A produção industrial é o principal setor responsável pelas previsões para o PIB em 2016 e 2017. A mediana das estimativas do mercado para o setor manufatureiro revela uma expectativa de baixa de 4,50%, a mesma prevista na semana passada. Na pesquisa realizada quatro semanas atrás, a mediana das estimativas estava em -4,00%.

Para 2017, a previsão mudou de 0,80% para 0,57%. Quatro semanas antes, estava em 1,50%.

Perspectivas

Os investidores deverão estar preparados para mais volatilidade nos preços dos ativos, já que o cenário político deverá se manter no foco do mercado. É possível que o chamado “rally da Lava Jato” mantenha o fôlego e alimente ainda mais o apetite dos investidores ao risco, especialmente se os fatos pavimentarem o caminho da presidente Dilma Rousseff rumo ao impeachment.

Um importante passo para se entender o movimento político futuro será a convenção nacional que o PMDB promove nesta semana, para escolha de seu presidente. Michel Temer é candidato a reeleição, e tem rodado o País em busca de apoio. É possível que seja discutido o desembarque do partido do governo, fato que deixaria a presidente Dilma isolada e definitivamente enfraquecida.

Do lado da economia, na quinta-feira (10) será divulgado o IPCA de fevereiro. As projeções indicam que o índice deve avançar 1,26%, de acordo com a mediana das expectativas, com os itens alimentos e transporte puxando o número. Em janeiro, o índice avançou 1,27%.

No mesmo dia será divulgada a ata do Copom, que manteve a taxa básica de juros inalterada em 14,25% ao ano. Não se espera que a ata seja muito diferente do que já foi dito antes. Apesar da melhora recente do cenário internacional, a inflação insiste em não convergir para o centro da meta.

Lá fora, terá grande repercussão a reunião do Banco Central Europeu (BCE), que deve ocorrer na quinta-feira (10). O mercado prevê novos estímulos a economia da região, via redução da taxa de depósito e aumento do programa de compra de ativos dos países da zona do euro.

Outro evento importante será o Congresso do Partido Comunista da China, que deve anunciar novos estímulos a economia local, como redução de impostos.

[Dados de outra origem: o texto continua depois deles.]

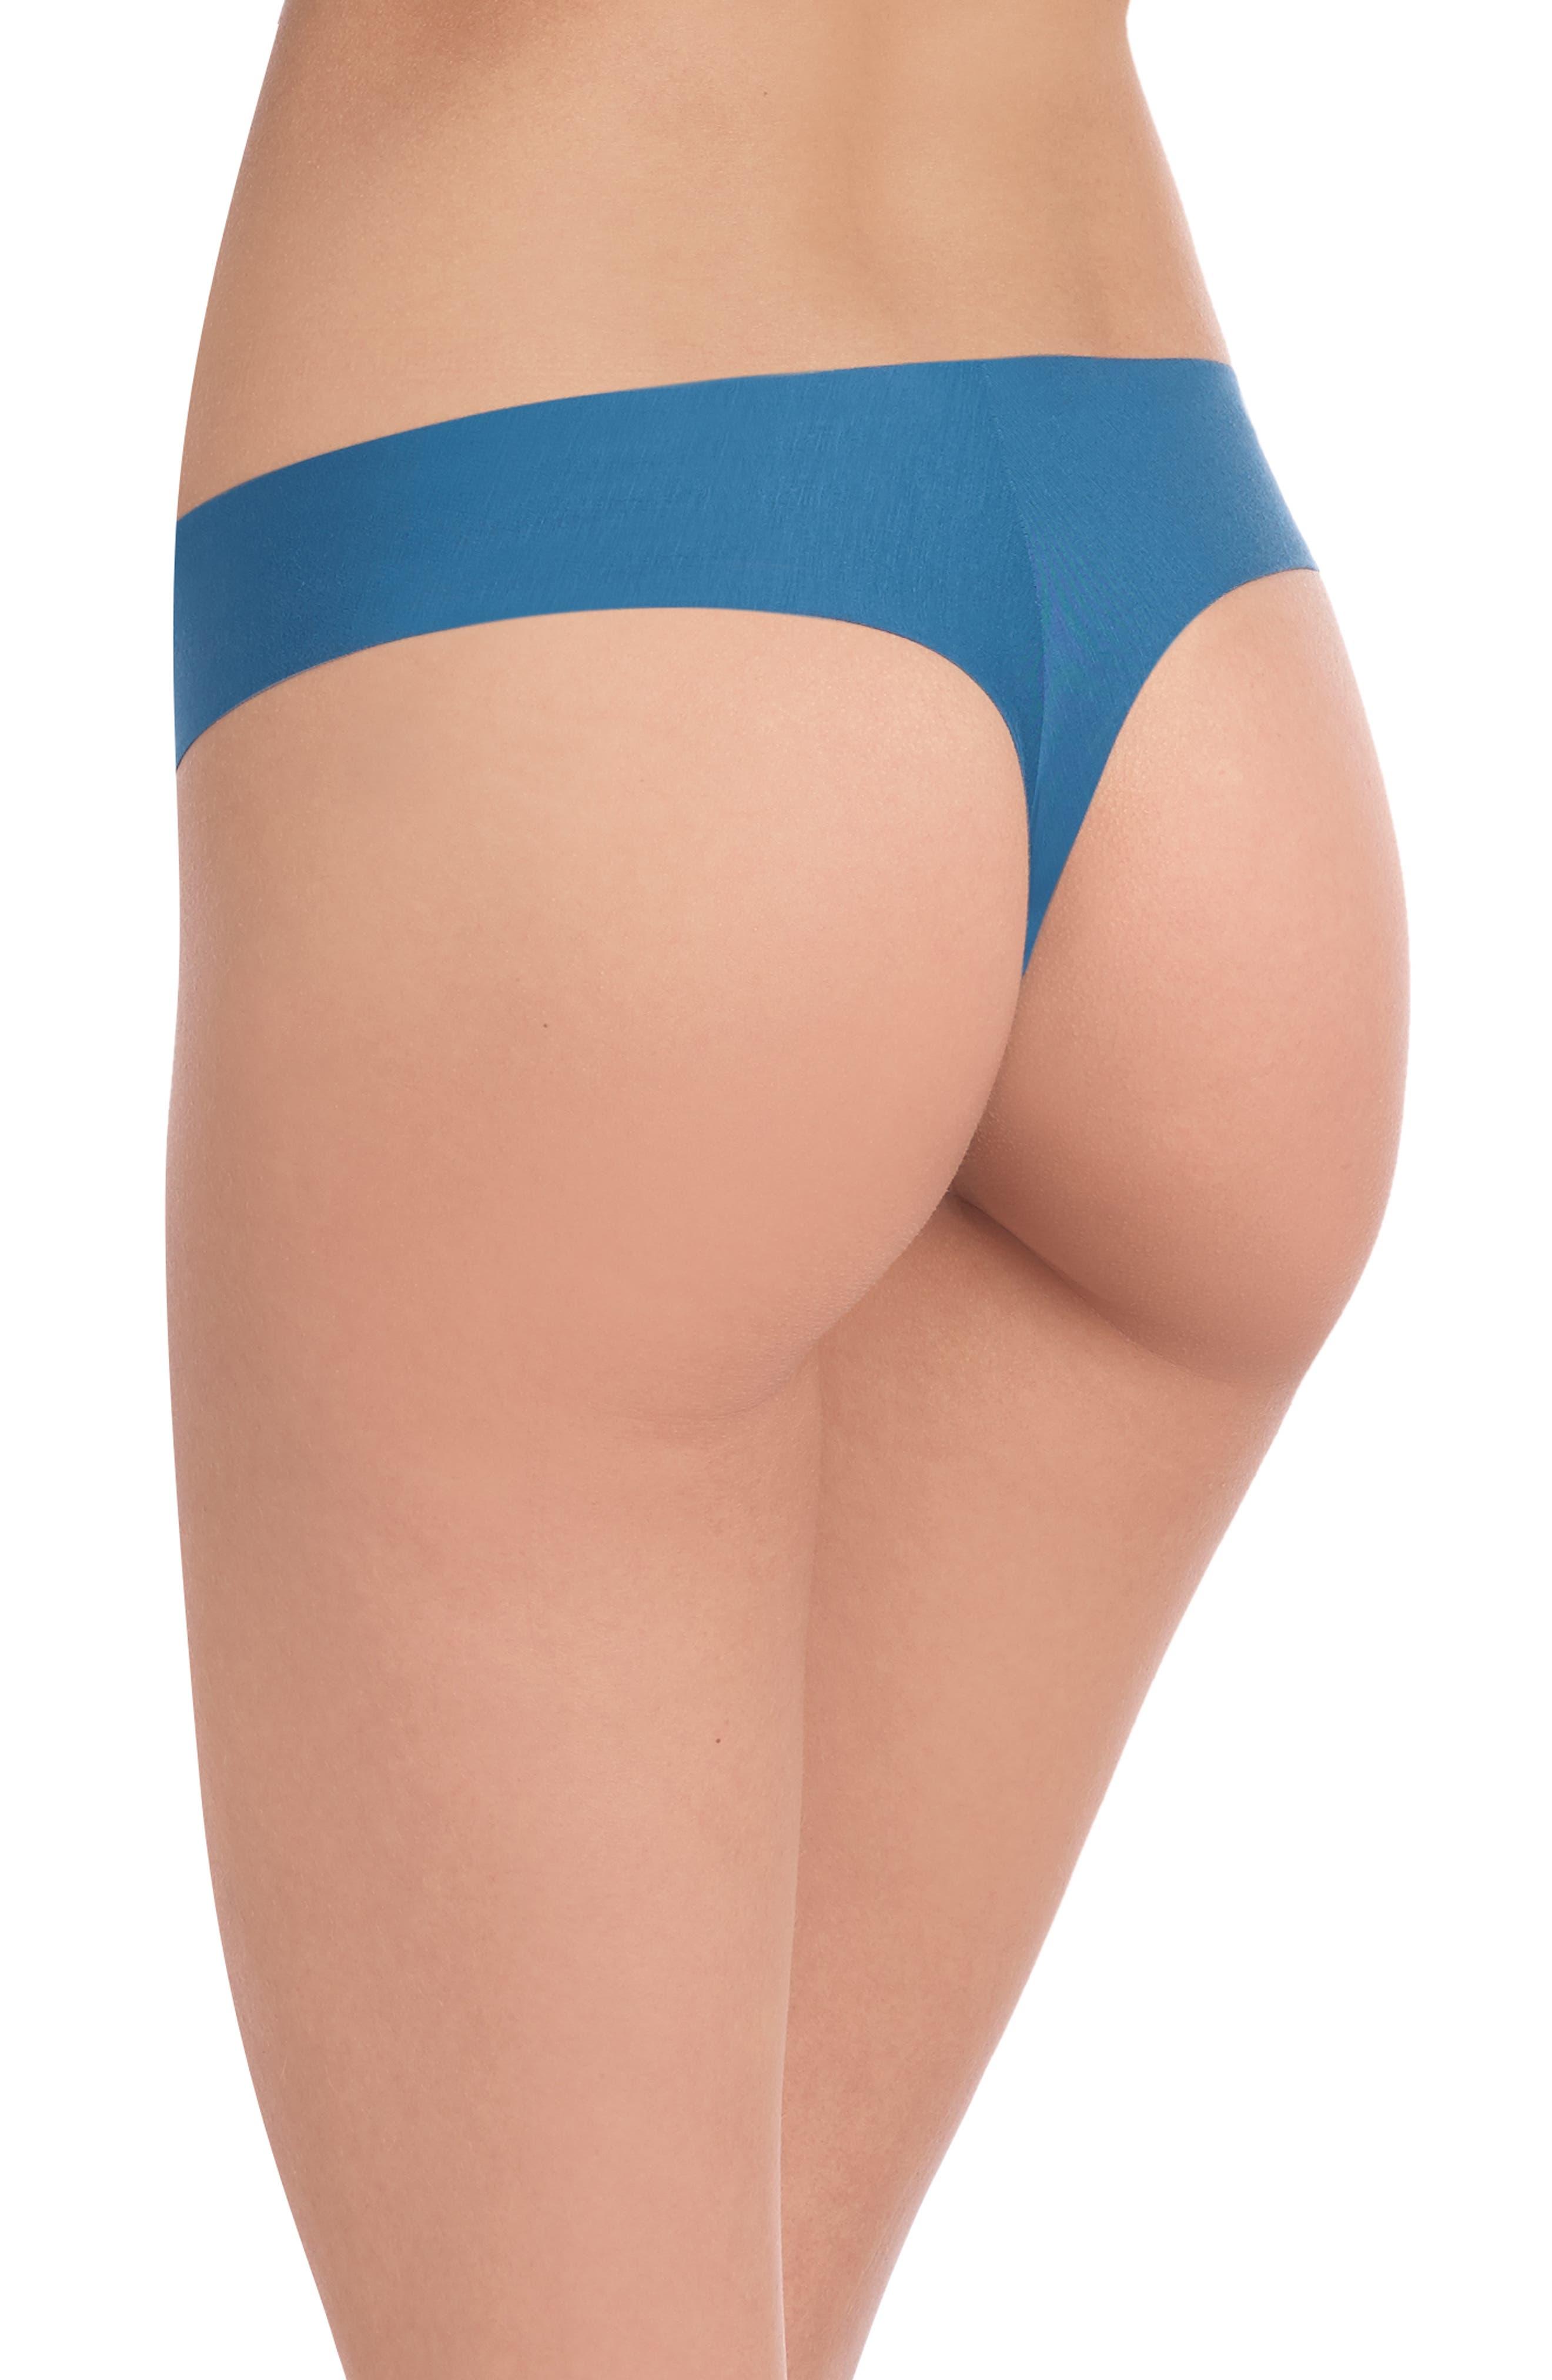 'Butter' Stretch Modal Thong,                             Alternate thumbnail 2, color,                             THAI BLUE

Neste contexto, mantemos nossa recomendação de expor a carteira de renda fixa para os vértices de médio prazo (IMA-B 5 e IDKA IPCA 2A) em no máximo 30%. Os demais recursos devem ser direcionados para os vértices mais curtos, para ativos indexados ao CDI ou IRF-M 1, que mesmo que tenham rendimento menor que a inflação, como ocorreu em janeiro, constituem alternativas mais defensivas em um cenário de juros de mercado crescentes.

Nas estratégias que envolvam essencialmente a exposição ao risco de crédito (FIDC e FI Crédito Privado, por exemplo), observamos que a escassez de linhas de crédito para a produção e consumo gerou uma abertura de spread (prêmio de risco) nas operações, que resultam em oportunidades interessantes para investimentos. Com a devida cautela, e respeitados os limites das políticas de investimentos, recomendamos avaliar investimentos nestes segmentos.

Na renda variável, recomendamos uma exposição de no máximo 10% para o segmento, já incluídas alocações em fundos imobiliários – FIIs e fundos em participação – FIPs, dado a falta de percepção de melhora nos fundamentos econômicos que justifique elevar ainda mais o risco da carteira.